Yap et al. revealed the efficient combination of s-LRG1 analysis with Alvarado score assessment had improved diagnostic accuracy of AA, creating the possibility of diagnosing AA at the ED without radiological confirmation [19]. The data show that s-LRG1 has markedly high specificity and sensitivity for the confirmation of suspected AA (Figure 3B), which leads to agreement with the suggested strategy of Yap et al. to replace IL-6 with s-LRG1 in the Alvarado score with a proposed lower limit of 51.69 μg/mL as a standard for suspect AA. Anupam et al. produced a cut-off value of 40.15 μg/mL [30].
Time is a vital factor in the progression of AA. Subacute appendicitis cannot be detected by CRP, IL-6 or leukocytes. Neutrophils act as first responders to infection, which explains the rapid detection of AA by LRG1, as it is secreted by neutrophils. Additionally, LRG1 has a longer half-life than CRP, thus the time range in AA is in favor of LRG1 [15]. CRP production is primarily dependent on liver stimulation by IL-6, whereas LRG1 is secreted by hepatocytes, intestinal epithelium, neutrophils, and macrophages if induced by IL-22, IL-1β, TNF-α and LPS apart from IL-6 [13,14,15,30]. Markedly high s-LRG1 is immediately associated with high vulnerability to a complicated appendicitis and hence is indicated for emergency appendectomy. Elevation of s-LRG1, to an ambiguous extent with low potential of AcA, grants valid grounds for antibiotic therapy. It was demonstrated in this study that s-LRG1 levels lowered in response to treatment in patients’ post-appendectomy and receiving antibiotic therapy. To evaluate positive treatment response, s-LRG1 can be re-evaluated on second and fifth day of antibiotic therapy to exclude the necessity of invasive treatment. This proposal may aid future approach to conservative AA treatment strategy.
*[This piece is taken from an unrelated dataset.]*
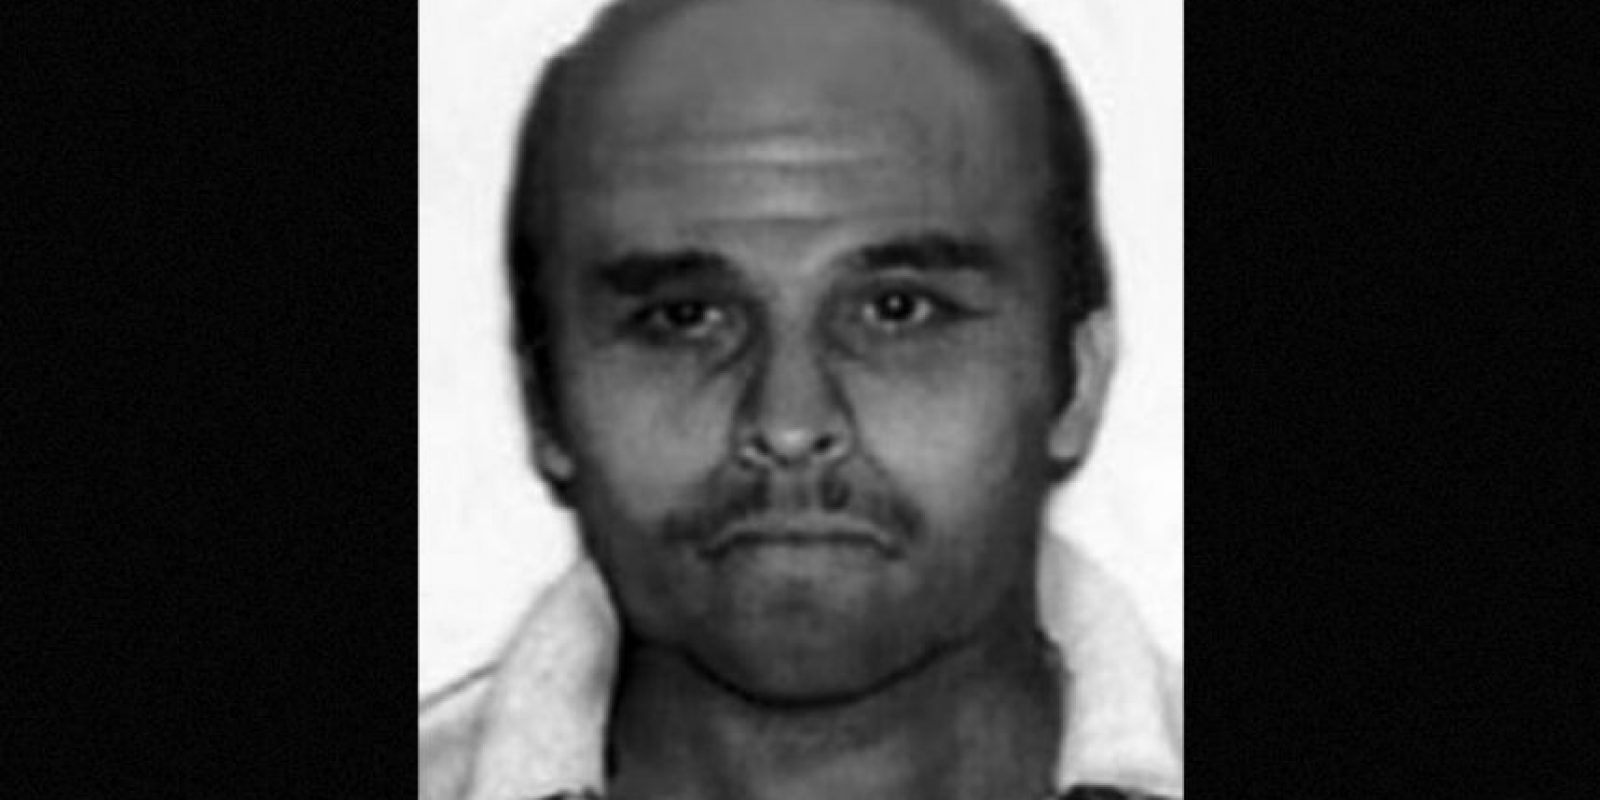 2. Victor Manuel Gerena. Se le acusa del robo de siete millones de dólares ocurrido en Connecticut en 1983. Se ofrece un millón de dólares de recompensa por información que lleve a su captura Foto:FBI.gov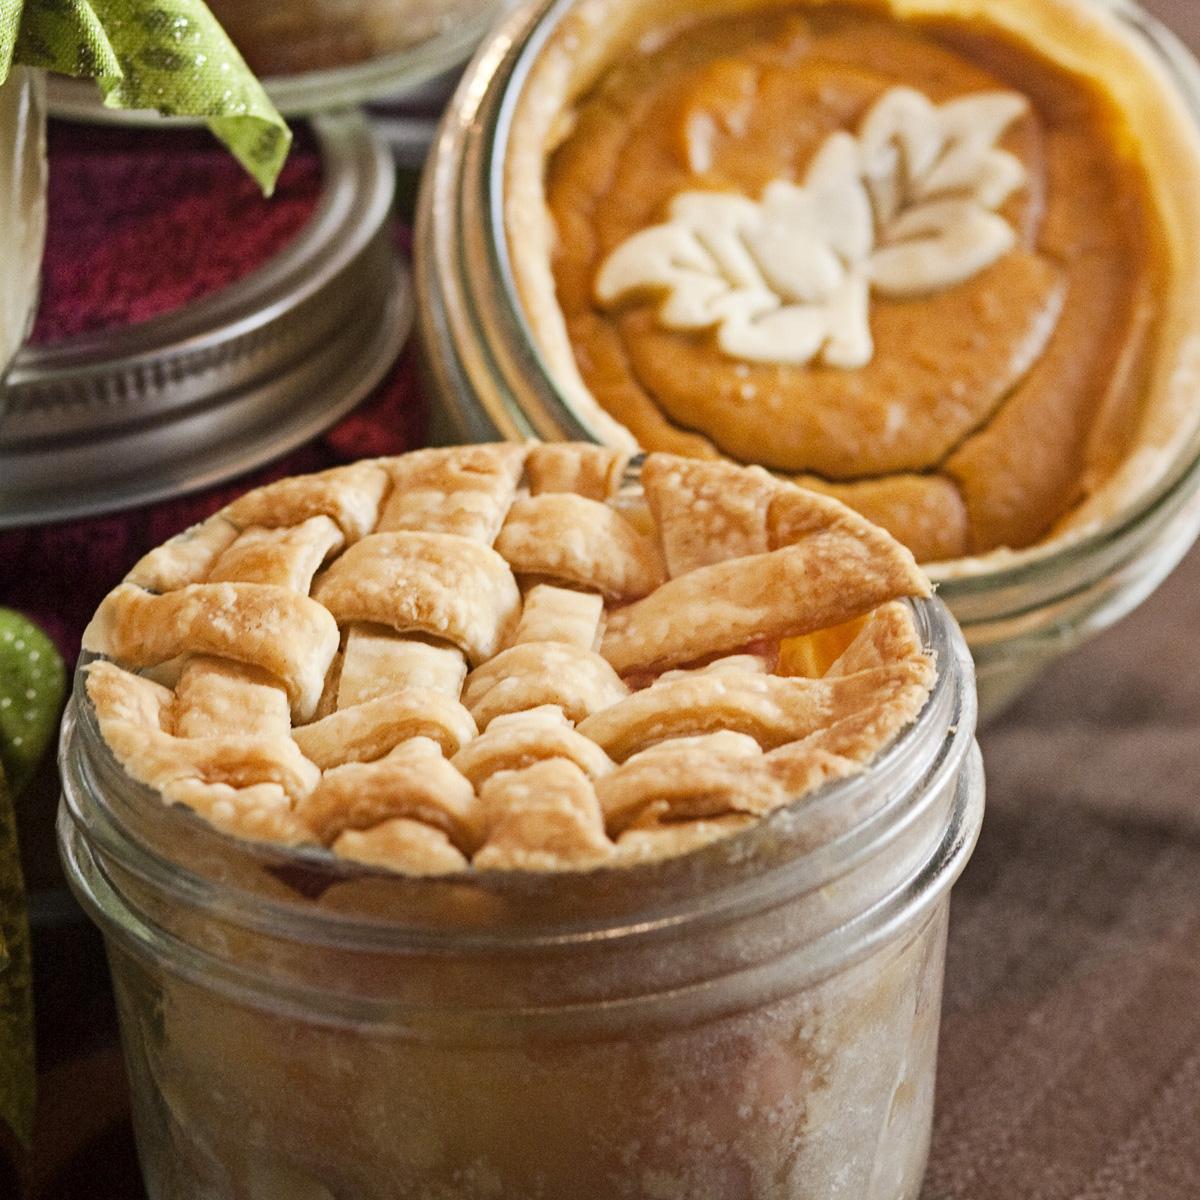 Pie in a Jar - The Nerd's Wife

u-LRG1 levels of pediatric appendicitis patients were significantly elevated in comparison to the control group in this study (0.10–0.35 μg/mL and 0.04 μg/mL respectively, p < 0.001). This confirms previously published statements on LRG1 as an accurate diagnostic method, superior to current urinary inflammatory markers [13,14,16,17,32]. From Figure 3, the authors deduct that starting from a u-LRG1 value of 0.175 μg/mL could indicate AA. Anupam et al. generated a cut-off value of 0.042 μg/mL using an alternative ELISA [30].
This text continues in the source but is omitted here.